Israeli government and military: Over 250 journalists were killed in Gaza — a toll that defies the logic of accident. Barring international press from entering Gaza from the start ensured that the scale of civilian destruction would remain invisible to the world. This was not a policy of caution; it was a policy of concealment.
The Iranian government: In January 2023, the Iranian state killed thousands of its own citizens during popular protests and systematically hid the death toll. Today, the same government presents itself as a victim of unjust bombardment — and it is right to do so — but its credibility is fatally compromised by its own record of silencing families who lost children in state violence.
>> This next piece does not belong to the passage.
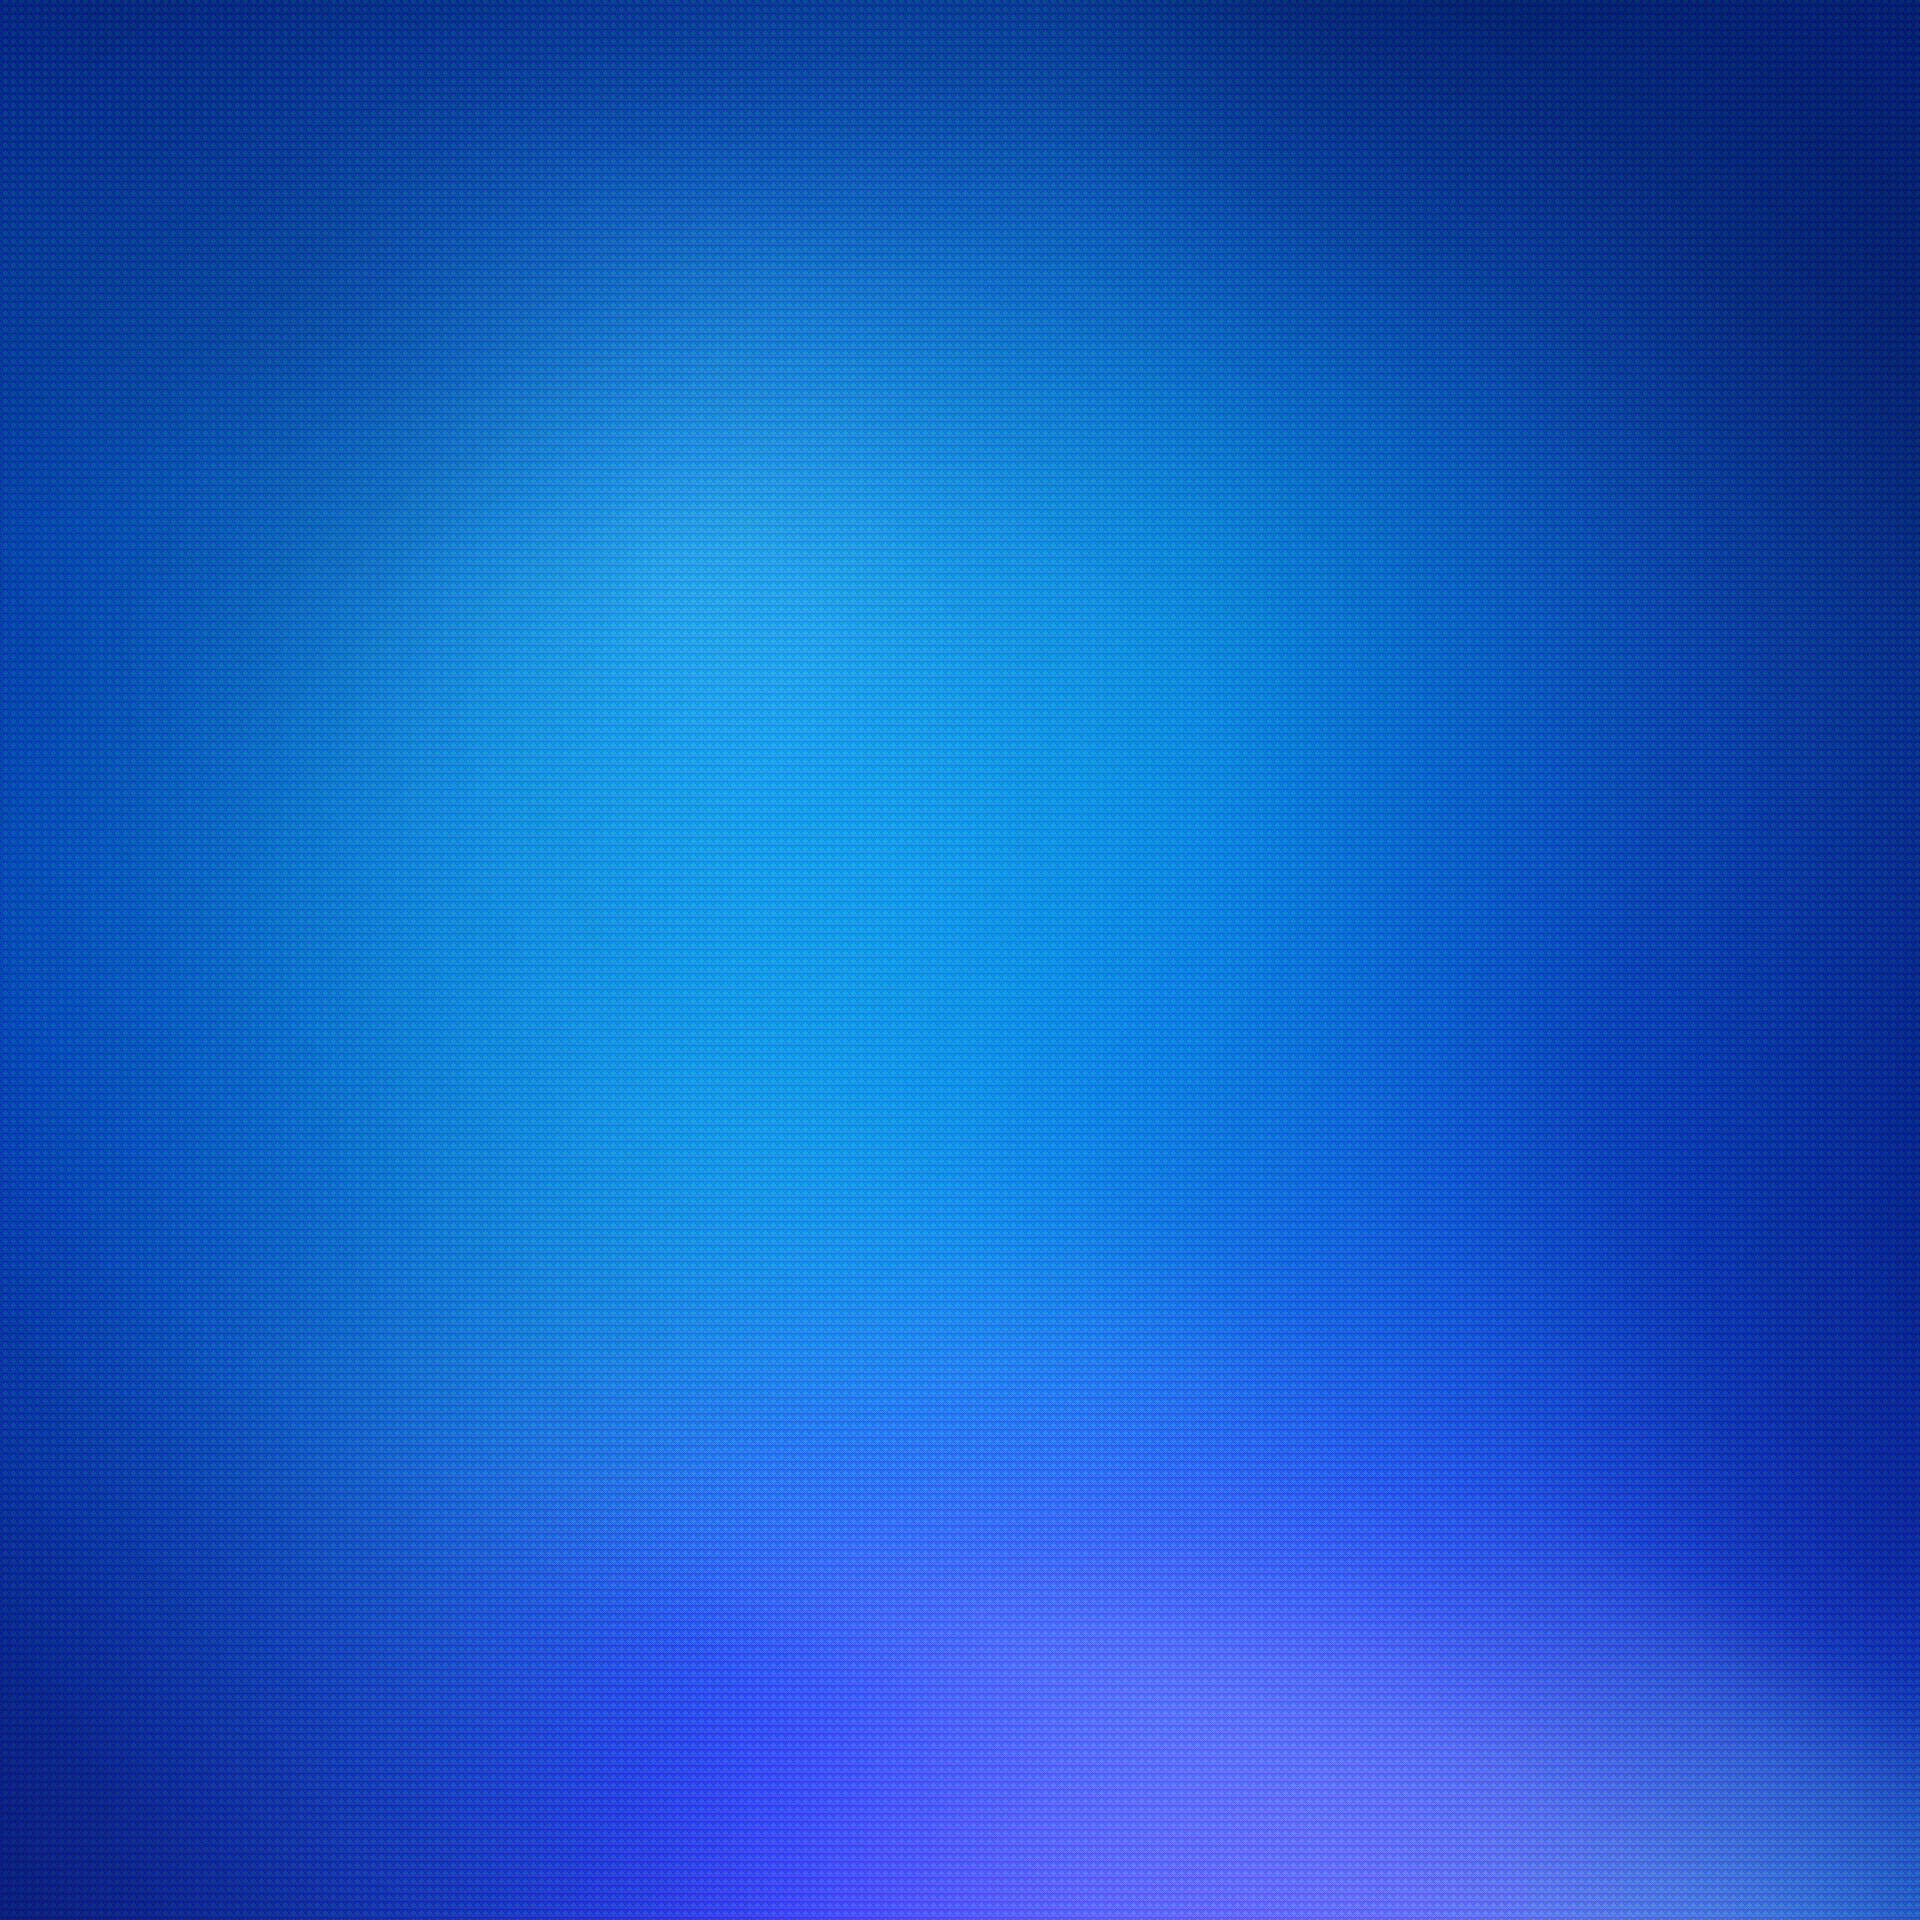 Galaxy Note 3 Stock - HD Wallpaper

The American government and Trump administration: Bombs funded by American taxpayers are destroying Iranian homes and Iranian lives. When a journalist asked President Trump whether Iranians had access to food and water, he responded with a compliment about her appearance. This is not eccentricity. It is the studied contempt of a leader who has concluded that human consequences carry no political cost.
Western mainstream media: A month of coverage produced almost no ground reports from inside Iran, no sustained accounting of the 2,000 dead, no hospital photographs, no footage from destroyed neighbourhoods. The same outlets that loudly championed civil liberties inside Iran during the 2022 protests went largely silent once Western bombs started falling. The hypocrisy is structural, not incidental.
Indian news media: In a country of 1.4 billion people, not a single mainstream television channel or major newspaper produced meaningful ground reporting on civilian casualties in this war. Coverage consisted almost entirely of government statements and geopolitical commentary. The Indian press has traded independent journalism for proximity to power, and in doing so has rendered itself useless to its audience on the most consequential stories of the era.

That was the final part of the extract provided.